Ultracold Gases & Nanophotonics
Atom-Surfaces Physics, and Nano-Photonics

Atom-Surfaces Physics, and Nano-Photonics

Using metamaterial to tune the atom-surface interaction

We are exploring the strong scientific potential of merging atoms with nano-structured material, where the electromagnetic environment can be engineered almost at will, for new atom-light coupling perspectives. We focused on metallic metasurfaces with a periodic arrangement of nano-slits (see Figure). With these, we could tune the surface plasmonic resonance such that it coincides with an atomic resonance. We show that the atomic resonance was deeply modified by the presence of the broad surface plasmonic resonance, leading to a Fano-type lineshape [1]. However, we need to consider the Casimir-Polder interaction to address weak atomic transition shifts, not captured with our Fano model. Interestingly, besides the usual non-resonant contribution, the Casimir-Polder interaction was also due to the plasmonic resonance itself, which we were able to vary the frequency by changing the geometry of the metasurface. With this technology in hand, we realize the first tuneable Casimir-Polder device in the optical domain and measure the Casimir-Polder absorptive response [2]. We proposed a compact version of this device, where the metasurfaces were engraved on the tip of optical fibers for future gas-sensing devices [3]. We also investigated the enhancement of weak atomic signals thanks to the metamaterial, and we were the first group to realize the coupling of an electric quadrupole transition with a surface plasmonic resonance [4]. Finally, we proposed a metasurface design to shape the vacuum environment such as it becomes anisotropic, in planes normal to the surface. This configuration gives extra correlations (otherwise absent in the usual isotropic vacuum) in the atomic induced-dipole moment leading to long lifetime coherences in the ground state manifold of the atom [5].

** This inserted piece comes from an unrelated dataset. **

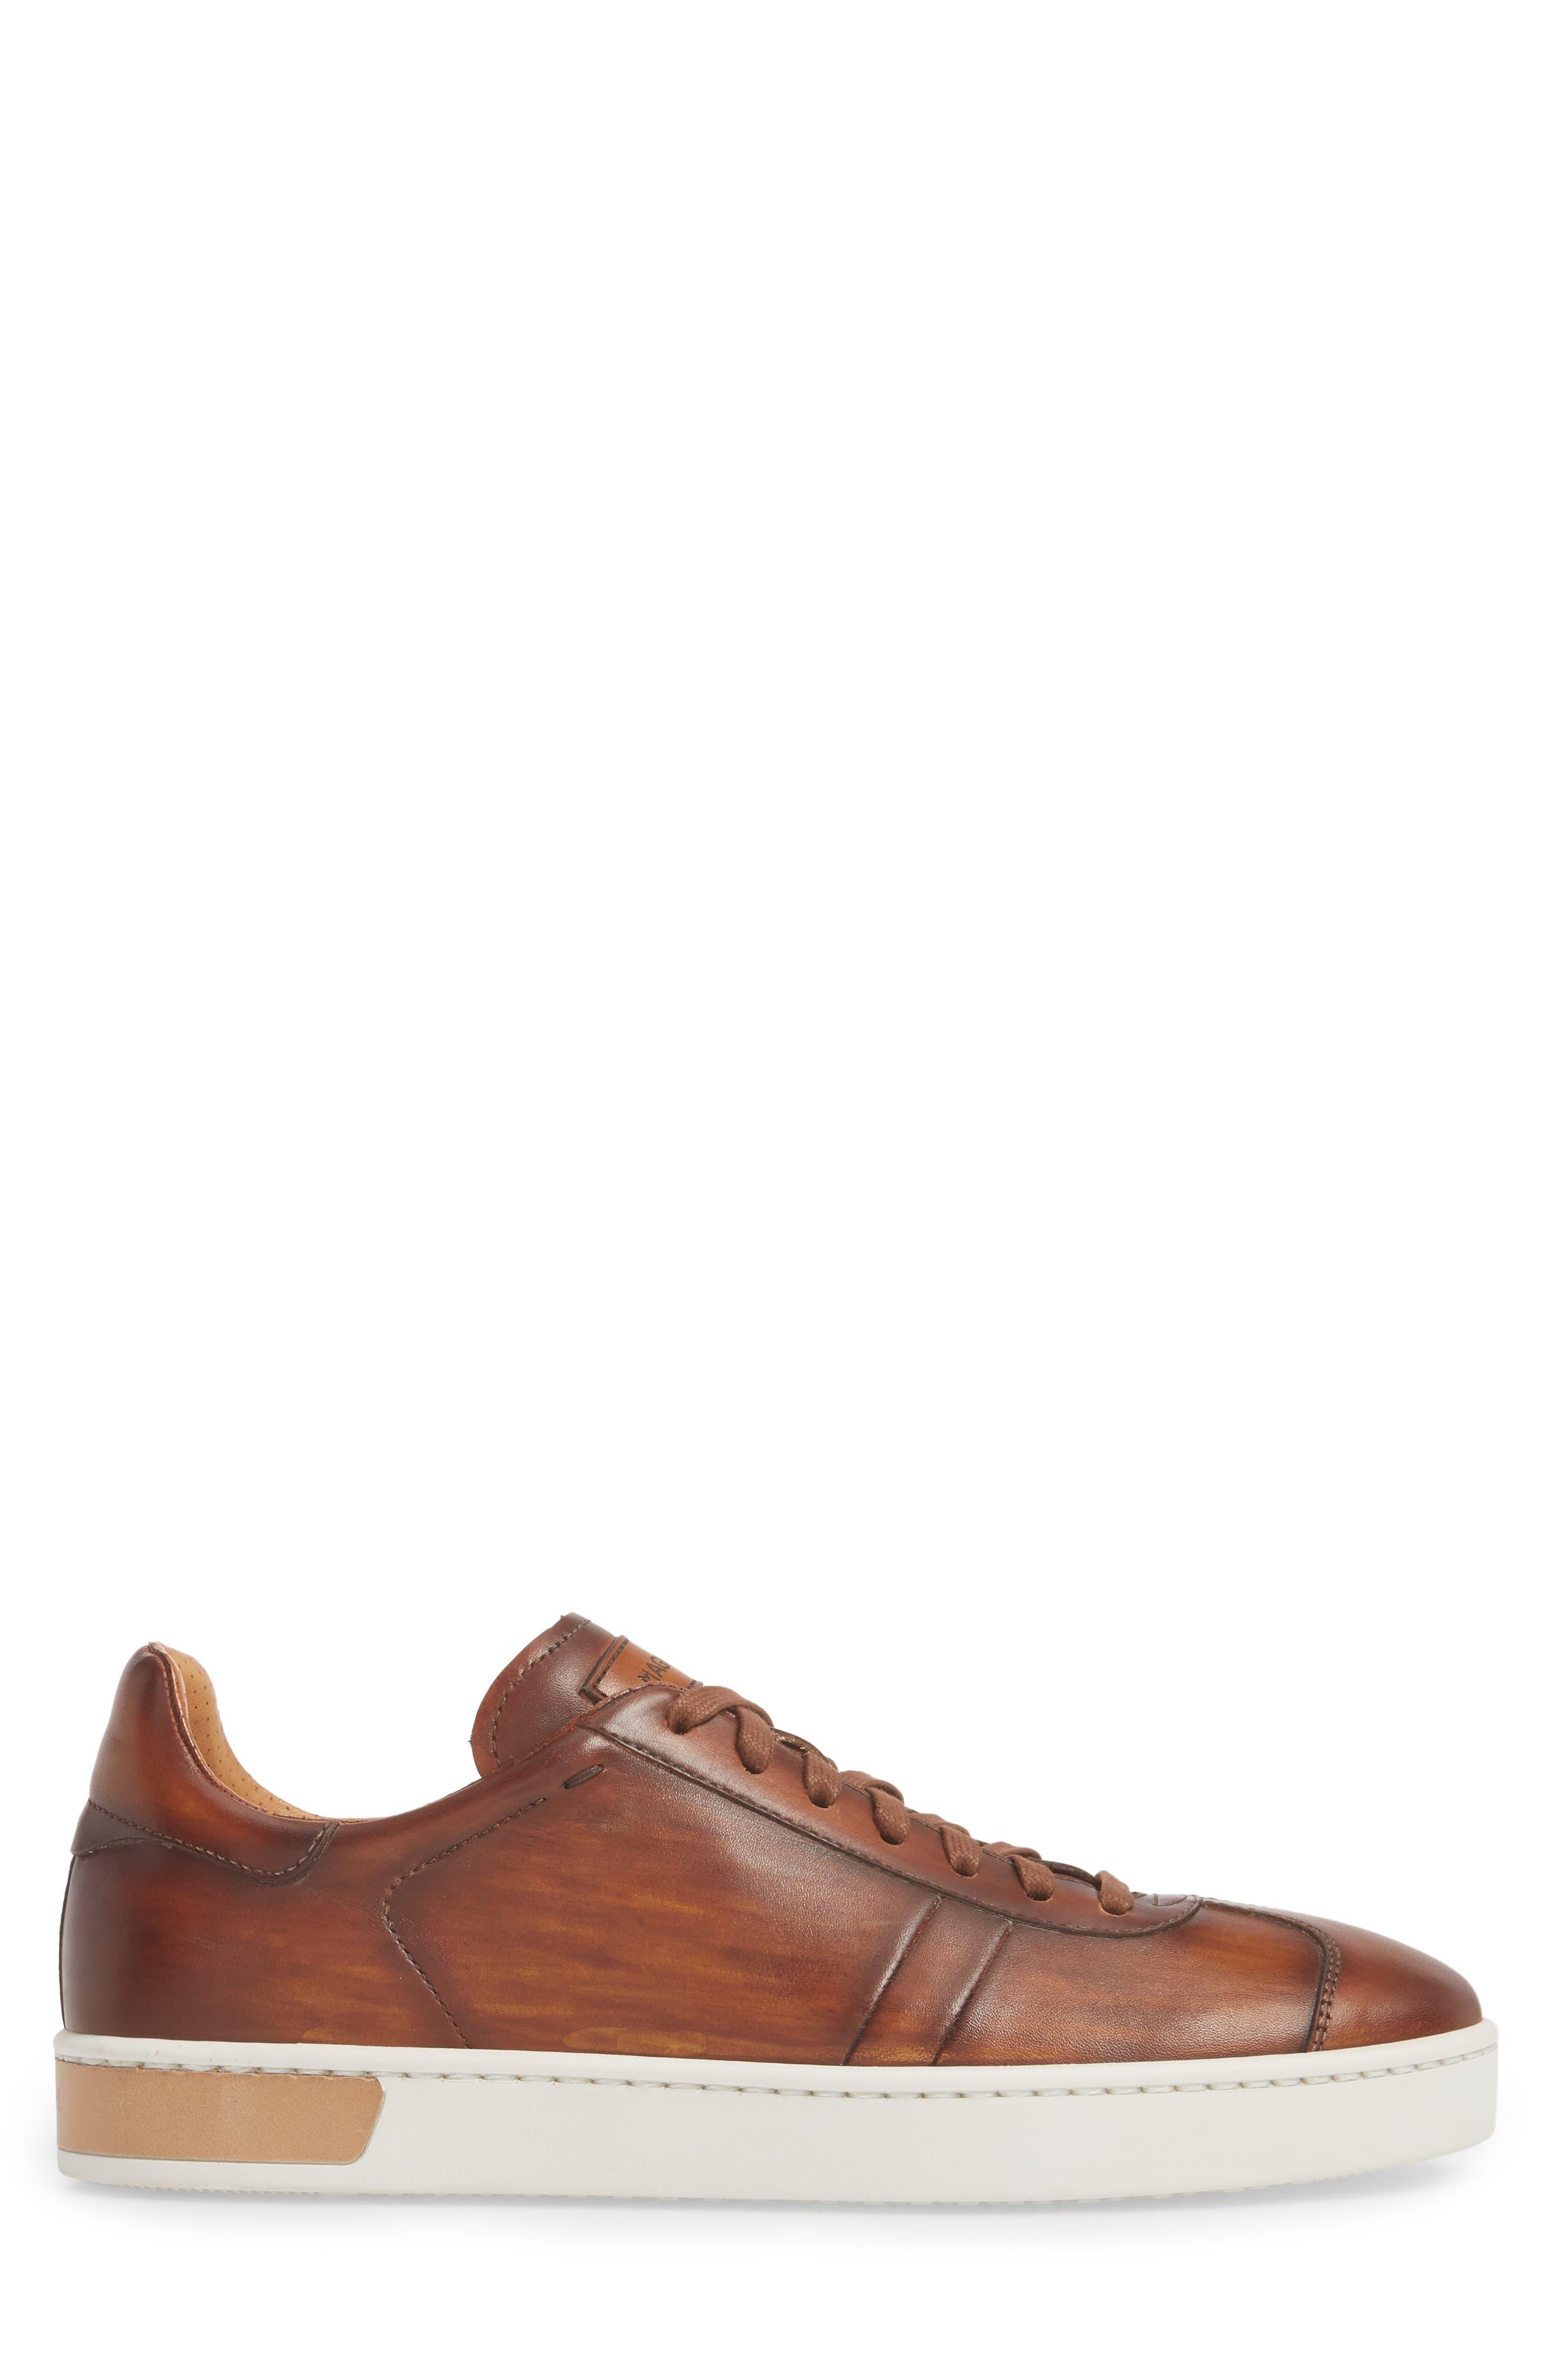 Gunner Low Top Sneaker,                             Alternate thumbnail 3, color,                             Cuero Leather

The atom/metamaterial hybrid system. 10 metamaterials of size 200 μm × 200 μm with different plasmon resonance are engraved on a windows (see real image picture on the right upper corner). The metamaterial is a periodic arrangement (period ~400 nm) of nano-slits (see SEM image on the right).

[1]      S. A. Aljunid, E. A. Chan, G. Adamo, M. Ducloy, D. Wilkowski, and N. I. Zheludev, “Atomic Response in the Near-Field of Nanostructured Plasmonic Metamaterial,” Nano Lett., vol. 16, no. 5, pp. 3137–3141, May 2016, doi: 10.1021/acs.nanolett.6b00446.

[2]      E. A. Chan, S. A. Aljunid, G. Adamo, A. Laliotis, M. Ducloy, and D. Wilkowski, “Tailoring optical metamaterials to tune the atom-surface Casimir-Polder interaction,” Sci. Adv., vol. 4, no. 2, Art. no. 2, Feb. 2018, doi: 10.1126/sciadv.aao4223.

[3]      E. A. Chan, G. Adamo, S. A. Aljunid, M. Ducloy, N. Zheludev, and D. Wilkowski, “Plasmono-atomic interactions on a fiber tip,” Appl. Phys. Lett., vol. 116, no. 18, p. 183101, May 2020, doi: 10.1063/1.5142411.

[4]      E. A. Chan, S. A. Aljunid, G. Adamo, N. I. Zheludev, M. Ducloy, and D. Wilkowski, “Coupling of atomic quadrupole transitions with resonant surface plasmons,” Phys. Rev. A, vol. 99, no. 6, p. 063801, Jun. 2019, doi: 10.1103/PhysRevA.99.063801.

[5]      E. Lassalle et al., “Long-lifetime coherence in a quantum emitter induced by a metasurface,” Phys. Rev. A, vol. 101, no. 1, p. 013837, Jan. 2020, doi: 10.1103/PhysRevA.101.013837.